I have to confess I was worried at first because I read "interview" and assumed it was another AI recruitment solution... which opens a huge debate about ethical recruitment and the legislation around automated decision making. However, digging deeper I realise this is actually about user experience feedback... which I guess means there is no reason not to try and capture the "give aways" in terms of facial expressions and pauses etc. There has been some work done around this in the recruitment space (I remember one video platform differentiating between whether a candidate looked to the left or right when answering because it suggested whether they were using the creative or logical part of their brain... as above I think this has now been outlawed in HR processes). But in your space, I think you have the opportunity to get creative and you certainly seem to have done some great work. Best of luck to you.
Mira
@martin_tanner Martin, this is a genuinely important distinction you have drawn, and you are right on both counts.

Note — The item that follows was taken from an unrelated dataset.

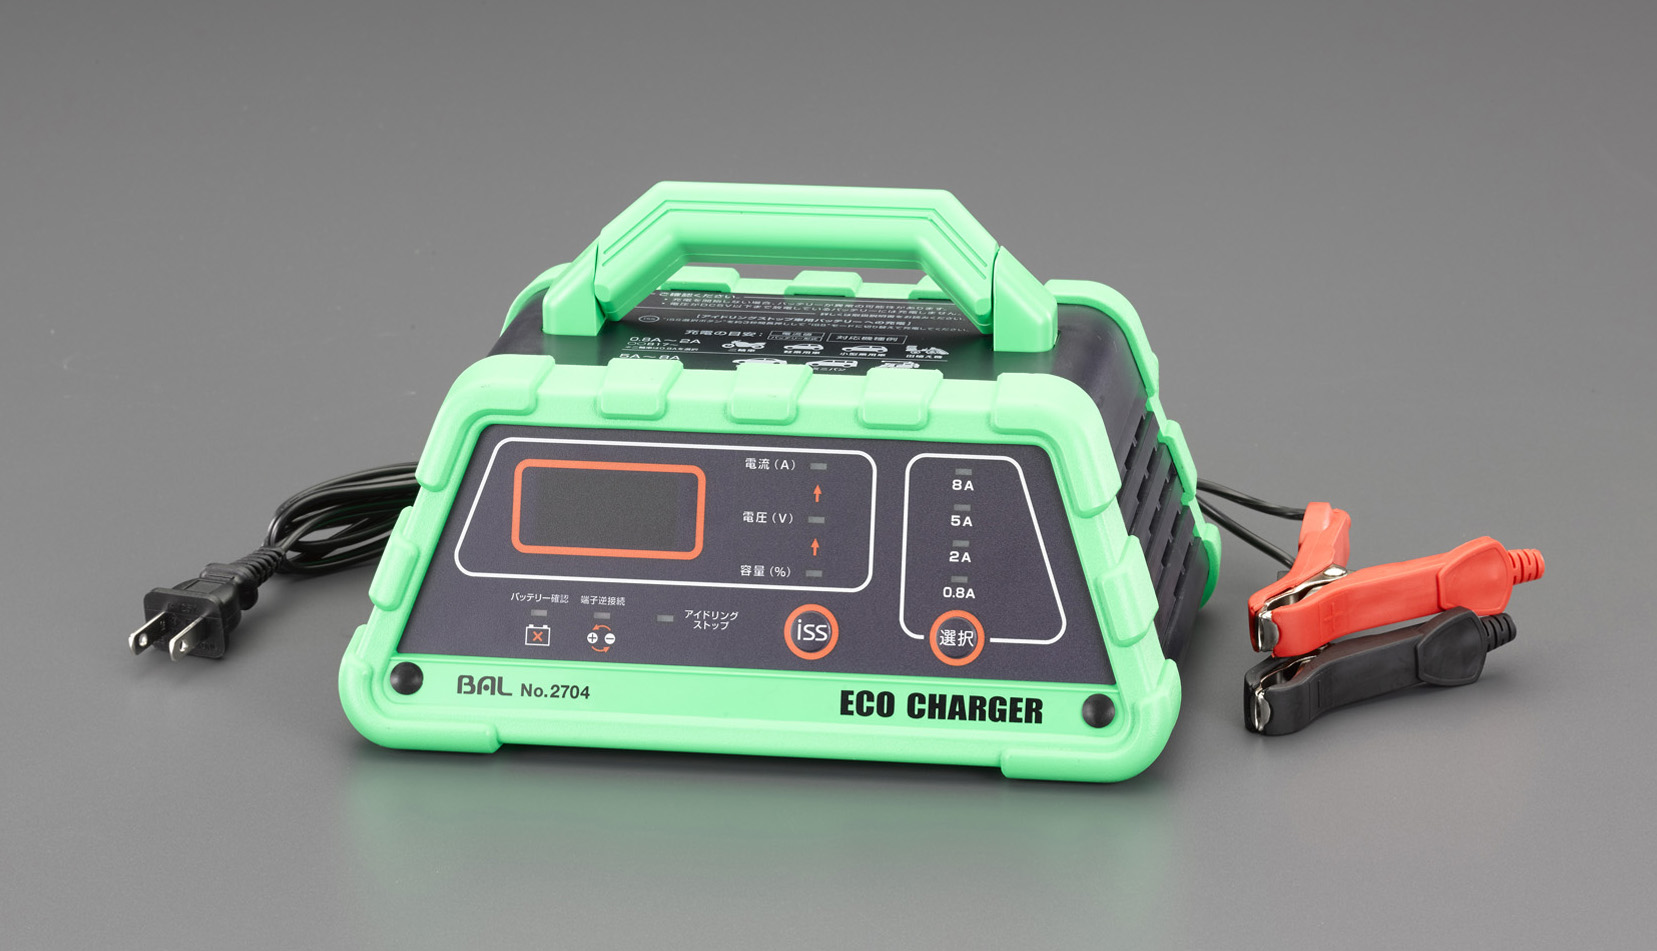 Ea815ya 36 Ac100v 自動充電器 ｱｲﾄﾞﾘﾝｸﾞｽﾄｯﾌﾟ車対応 のページ Sakkey エスコの商品を検索

Facial coding in recruitment is rightly controversial and in many jurisdictions rightly restricted. The core ethical problem is using biometric signals to make high-stakes decisions about people; employment, credit, access, without their meaningful understanding or control. That is a fundamentally different situation from what we do.
In consumer and user research, participants choose to take part, they can stop at any time, and the output of the research does not affect them, it affects product decisions. The emotional signals Mira captures are used to help brands understand how people genuinely respond to products and concepts. No decision is made about them as individuals.
We also do not use facial recognition; we measure expressions, not identity. Participants are anonymous at the analysis level.
You are right that the research space is where this can be done responsibly. That is why we built here. Appreciate you thinking it through properly rather than reacting to the phrase "facial coding."
How does the facial coding and emotion AI actually perform across different cultures since expressions and emotional cues vary so widely globally?
Mira
@zgreg0z Our models are trained across demographic groups rather than on a single population, and we apply normalisation based on cultural benchmarks we have collected to reduce bias in emotional scoring. The goal is to measure genuine reactions, not to apply one cultural standard globally. We also let researchers set study-specific calibration. Emotion expression does vary across cultures and we do not claim perfect universality — it is an ongoing area of work. For global studies we recommend always combining the emotional signal with the transcript and not reading it in isolation.